Because of a problem with their Land Cruiser’s muffler, the drive was so loud they could barely hear each other talking. It was the best trip ever, they agree.
“I was more than smitten,” she says. “It was love.”
They hiked and went diving, slept in the car or tent and ate a lot of shakshuka. “Shakshukas with the red sand of central Australia,” he says.
He taught her the alefbet. She did a lot of the driving. They don’t remember ever fighting.
After the six months, they parted ways again.
“I needed to continue my own trip,” says Osher, who joined another ship in Japan and sailed to Korea, Singapore, across the Indian ocean and all the way back to Eilat. “I had been out of Israel for two years. And when I got home, I was done traveling.”
This time, they emailed, they called, they made plans and soon, with Osher home, Ashley was making her maiden voyage to Israel. “I said, ‘Come and see for a few months.’ I tried to reduce the pressure,” says Osher.

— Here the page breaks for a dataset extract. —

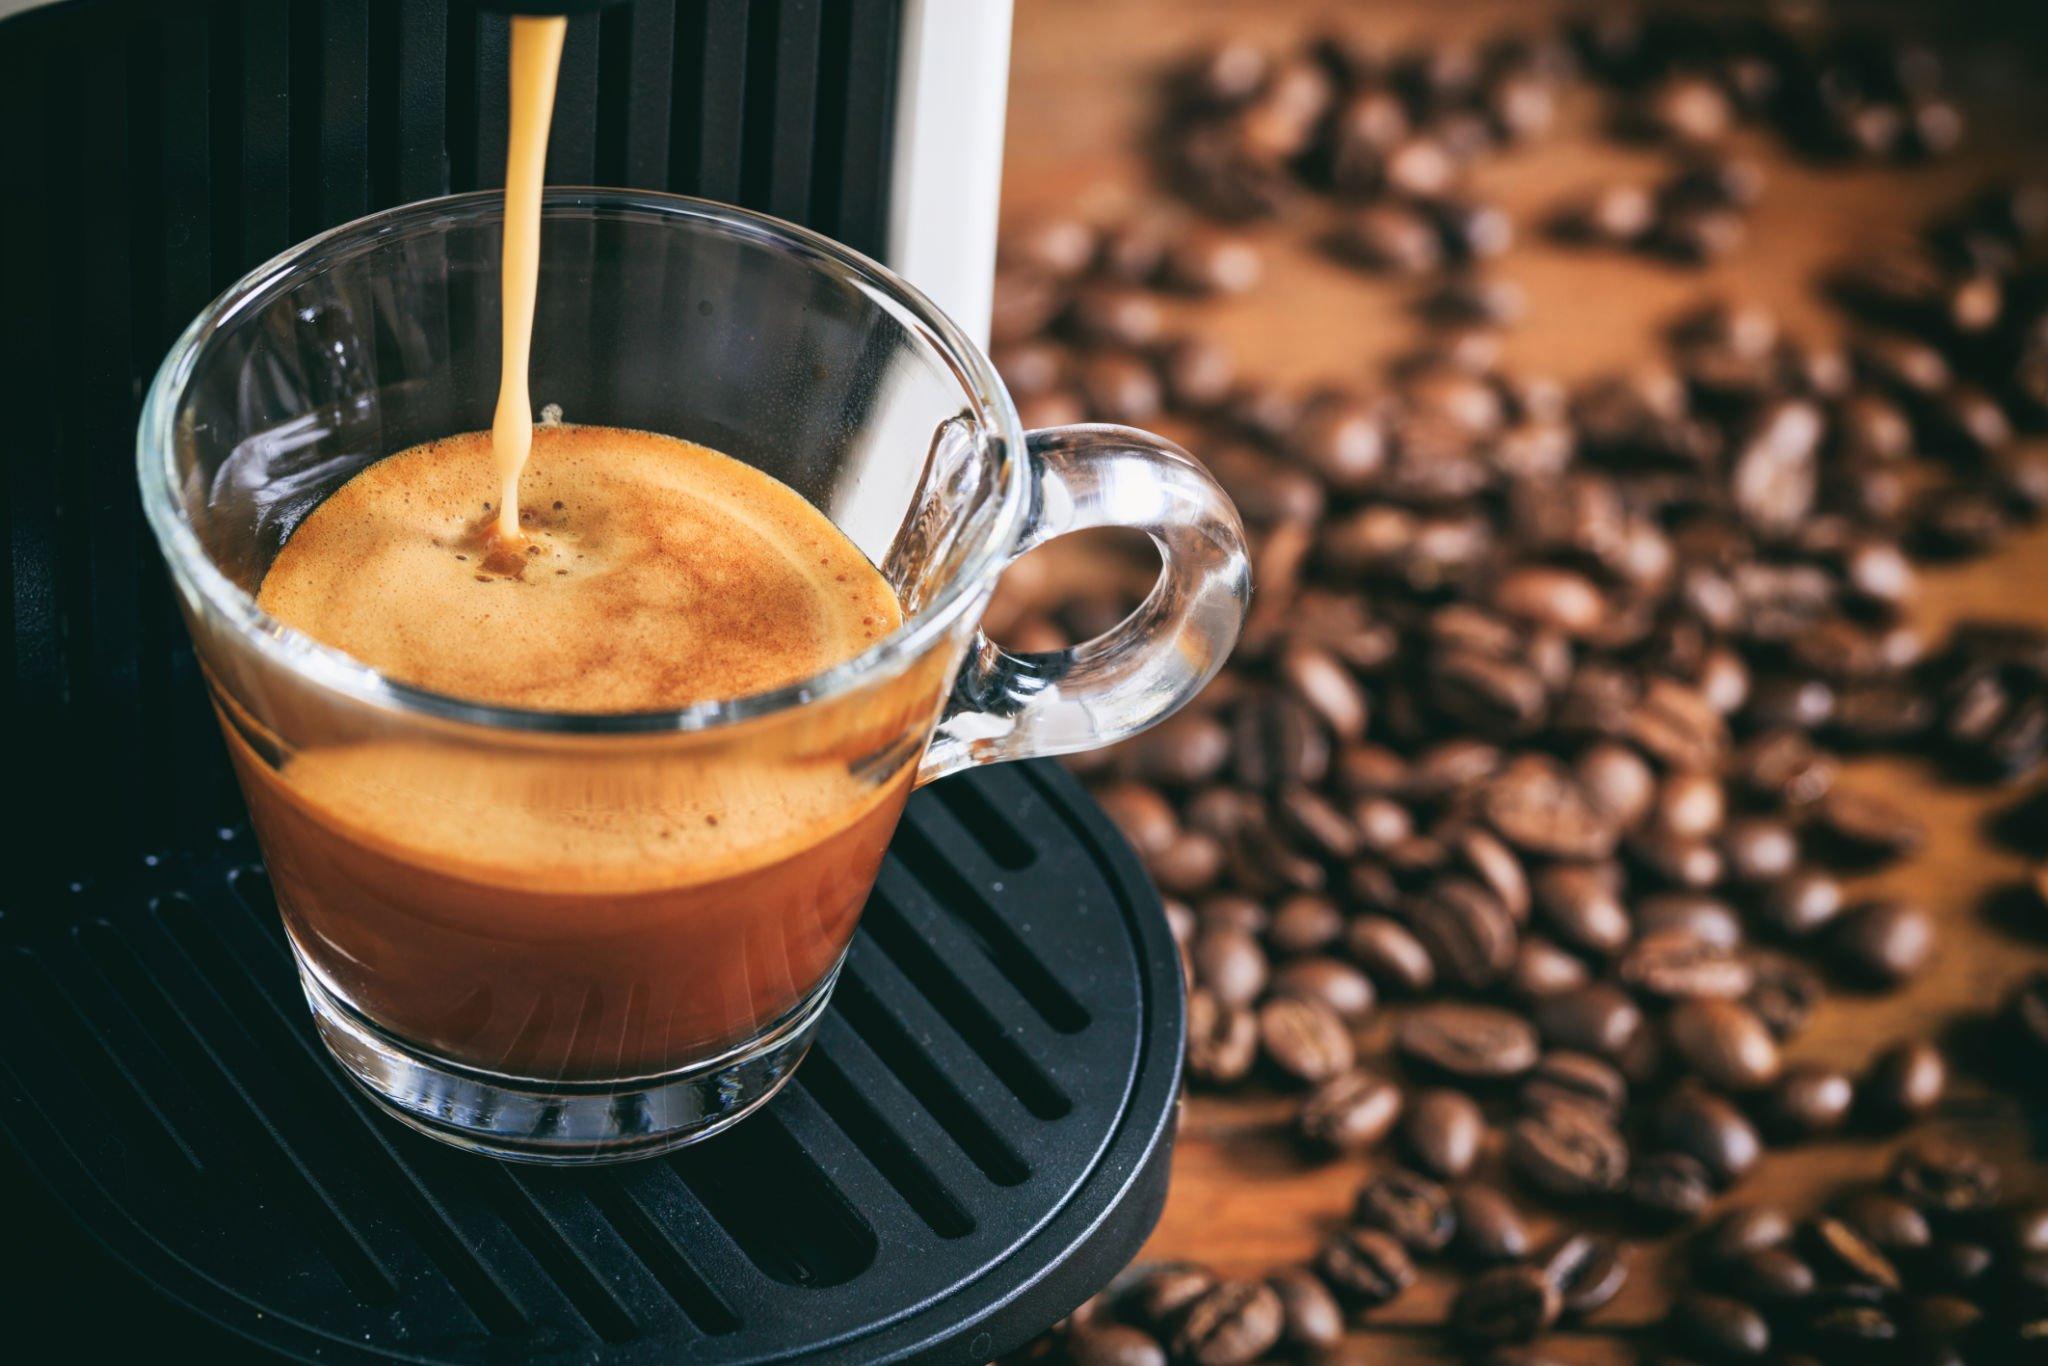 Do you know the difference between an Americano and Espresso?

They lived in Ashkelon, near his mother. “It’s like being in tribe. Each of his parents has like ten siblings, and everyone has four to five kids,” she says. “You can imagine how hard it is to remember all their names, in Hebrew.”
Osher started a business degree and, as part of a course on social responsibility, got involved in Palestinian economic development and other co-existence projects. After graduating, he began working at the Portland Trust, a British non-profit foundation that promotes economic development as a way of engendering peace and stability between Palestinians and Israelis.
Meanwhile, Ashley, after rising up the ranks in ulpan Hebrew-language classes, is doing some private tutoring, and plans to start a degree in psychology. “It’s not like going for the gold in the Olympics,” she admits. “But, it’s good anyway.
Happily Ever After
Last October, the couple went back to New Zealand to visit Ashley’s family. It was Osher’s birthday, and they went for a picnic in Flagstaff to celebrate. They had never much talked about marriage before.
“We know the facts. Both of our own parents are divorced,” says Ashley.
“We never felt any pressure,” says Osher.
“Except when your dad told me my womb was drying up,” notes Ashley with a grin.
But there, at the picnic, overlooking the water, Osher gave her a little box. Inside was a gold ring he had designed.
“Oh my God, really?” Ashley said.
Her mother, whom they went to meet afterwards, cried.
The two are getting married in May. Meanwhile, they have made their first big joint purchase: a small yacht called “Moose.”
And then they lived, as it always goes, happily ever after.